The world’s thirst for oil has evaporated.
Highways are empty. Planes are grounded. Factories are dark. The unprecedented collapse in oil demand has sent crude crashing to 18-year lows.
Supply, on the other hand, remains largely resilient amid a price war between Saudi Arabia and Russia. US producers don’t want to be the first to blink by turning off production.
That could mean a supply glut so epic that the world will soon run out of room to store all the unneeded barrels of oil.
“The market is starting to signal that not only is there no demand for this crude, eventually there could be nowhere for it to go,” said Jeff Wyll, senior energy analyst at Neuberger Berman.
In other words, storage facilities, refineries, terminals, ships and pipelines eventually could reach capacity — something that hasn’t happened since 1998, according to Goldman Sachs.
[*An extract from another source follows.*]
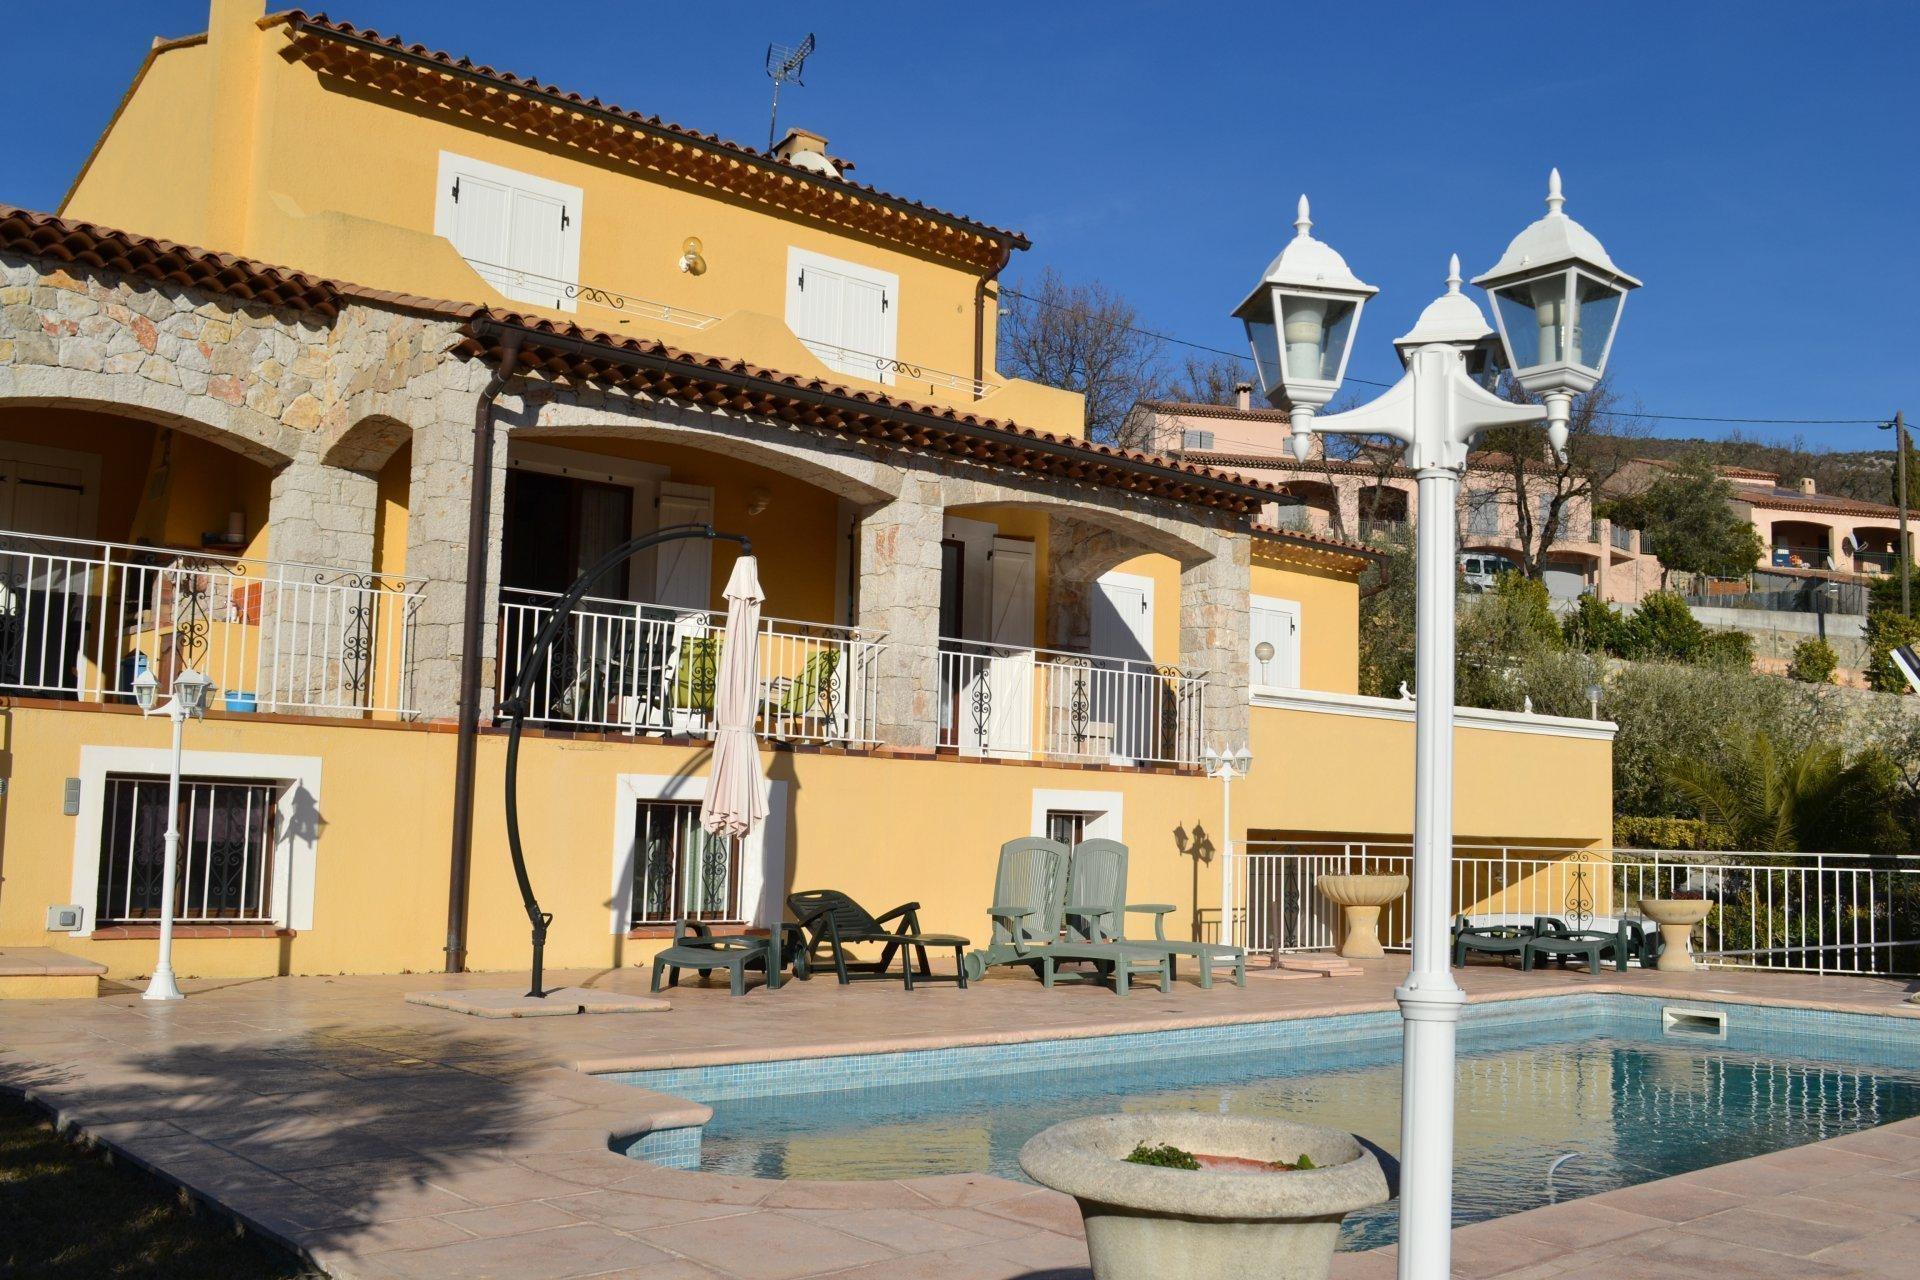 ALPES MARITIMES (06) - TOURETTE LEVENS - Villa piscine

Distressed pricing in some corners of the oil market shows that investors are starting to price in the risk that might occur soon.
Although headline oil prices such as West Texas Intermediate and Brent are trading north of $20 a barrel, some regional prices have recently plunged into single-digit territory. That is especially true for landlocked grades of crude where access to storage is even trickier.
“Demand is falling so fast relative to supply that very soon many producers’ main issue is not going to be whether they can ensure operating profit but rather if they can find an outlet for their crude,” analysts at JBC Energy wrote in a report Tuesday.
One storage option: loading all that extra crude onto ships. JBC said about 20% of the global fleet of very large crude carriers (VLCCs) could become floating storage. But even that would not absorb the surplus.
In April, some 6 million barrels per day of “homeless crude” might literally have nowhere to go, JBC said, a figure that would rise to 7 million barrels per day in May.
But, eventually, airlines will take to the air again and start buying jet fuel. Drivers will buy more gasoline as they get back to work.
But by that point the oil industry might not be producing as much oil as before because wells shut down. Today’s oil glut may suddenly turn into tomorrow’s oil scarcity, pushing prices “far above” $55 next year, Goldman Sachs commodities head Jeffrey Currie said.
“This will ultimately create an inflationary oil supply shock of historic proportions,” Currie wrote.